Since inception, Rescue Junction has been touring mostly within the province: local areas from Waterloo to Tavistock, and to the GTA, but the band has ventured south of the border too. Gerber explains that the members of Rescue Junction have strong Mennonite roots, which has made them popular with those communities based as far away as Pennsylvania and Indiana. Of the band’s plans, Gerber notes an upcoming gig in Florida, while she says she’s also hoping to tour out east in the Maritimes.

It’s the second time Rescue Junction is playing to benefit MennoHomes after performing over a year ago in Elmira; but this year’s concert will feature some new songs from their upcoming album, so it’s sure to be a treat for fans and newcomers alike.

For Dan Driedger, executive director of MennoHomes, the involvement of both the band and the church are a tremendous boon to the organization.

The funds raised will help go towards mortgage payments on the new Foundry apartment building in Elmira.

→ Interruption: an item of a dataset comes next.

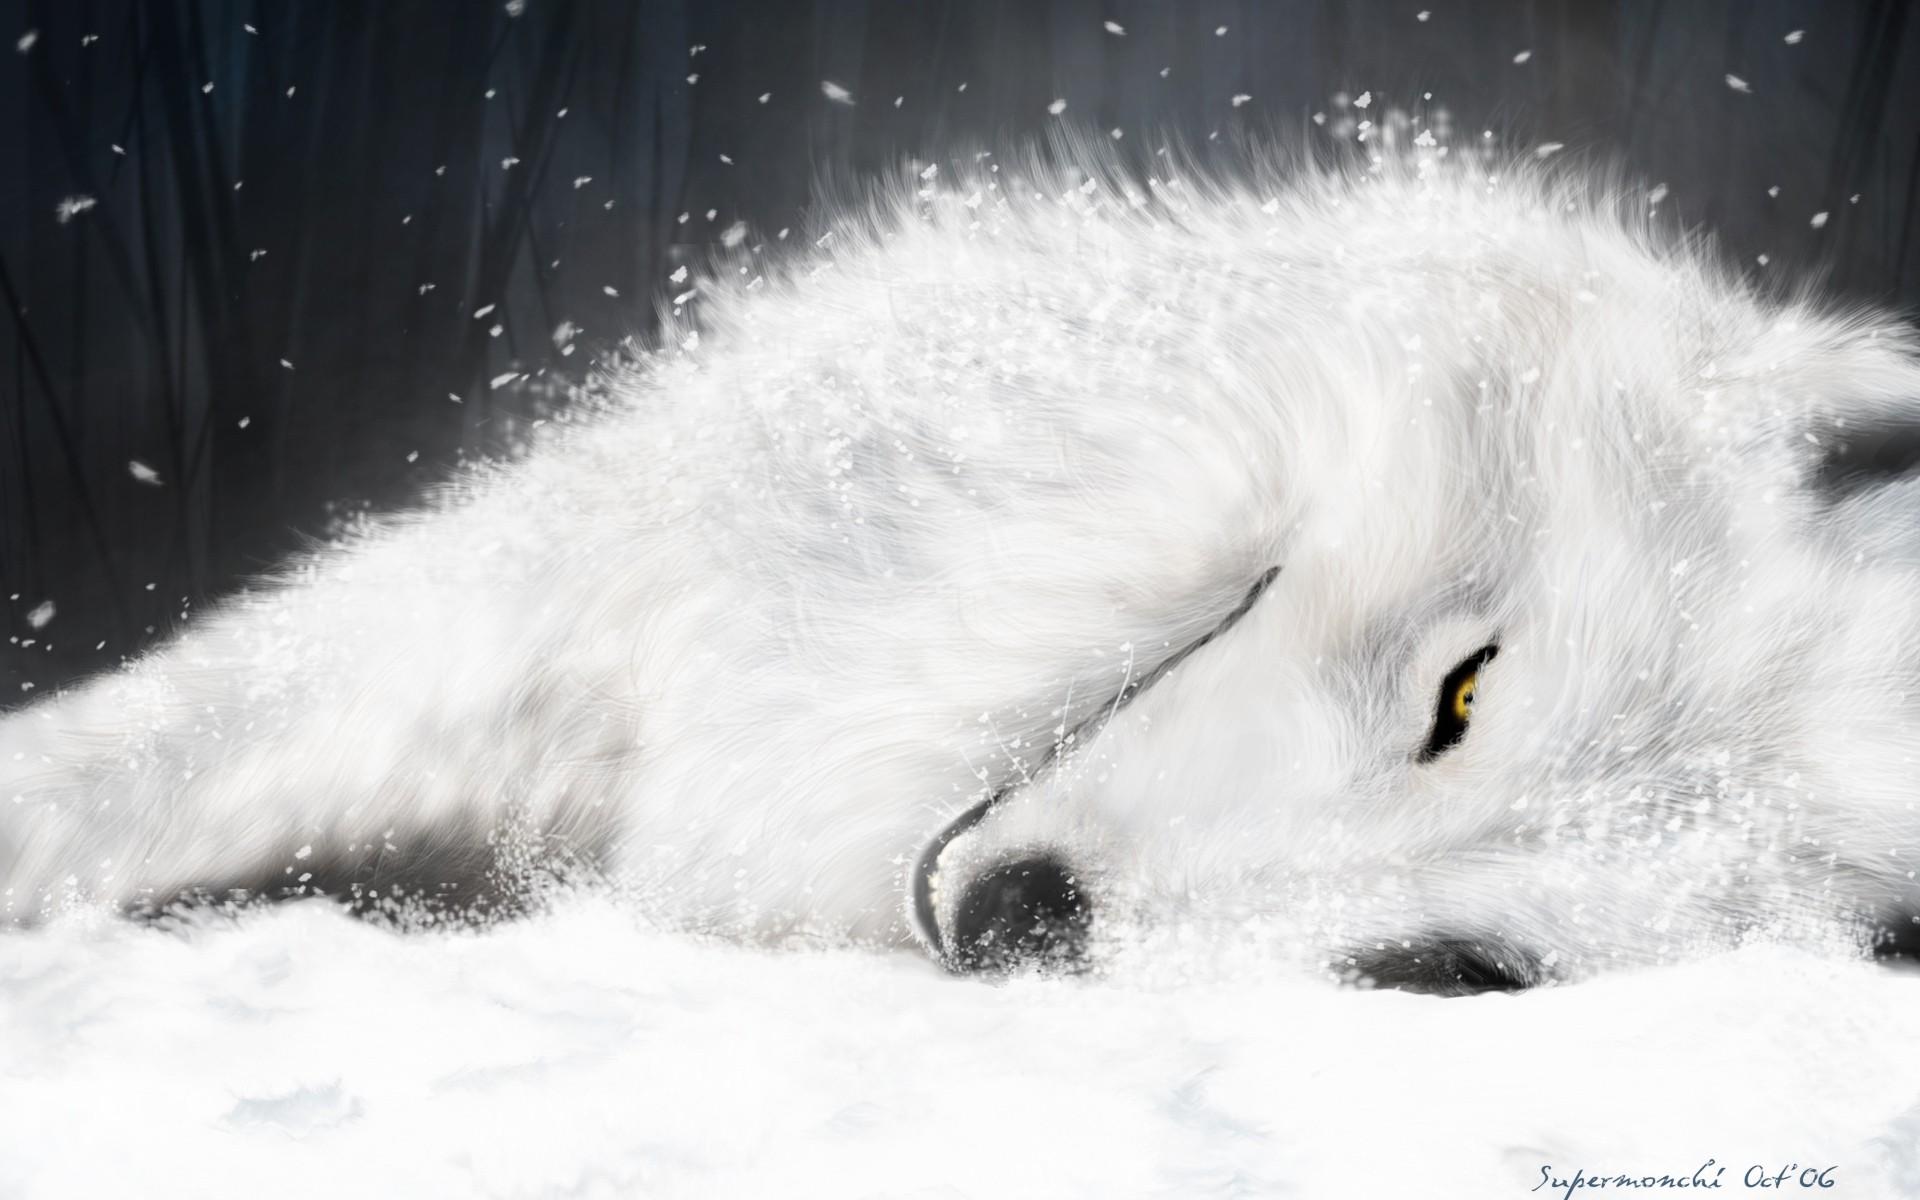 kiba_wolf_s_rain_full_51151.jpg

The Foundry offers affordable housing in the community that is, uniquely, also elevator accessible. The building began receiving tenants from the middle of last year, whom Driedger noted happily, were really beginning to settle in and form a community.

Driedger notes appreciatively that people who donate at the concert will be able to take advantage of the hurch’s offer to double those free-will donations.

The concert starts at 7 p.m. on January 27 at Floradale Mennonite Church. The music is also preceded by roast beef dinner at 5:30 p.m., for which a meal-ticket needs to be pre-purchased to catering expenses. Tickets are $30 for adults and $10 for children 10-and-under, and can be purchased by calling the church office at 519-669-2861.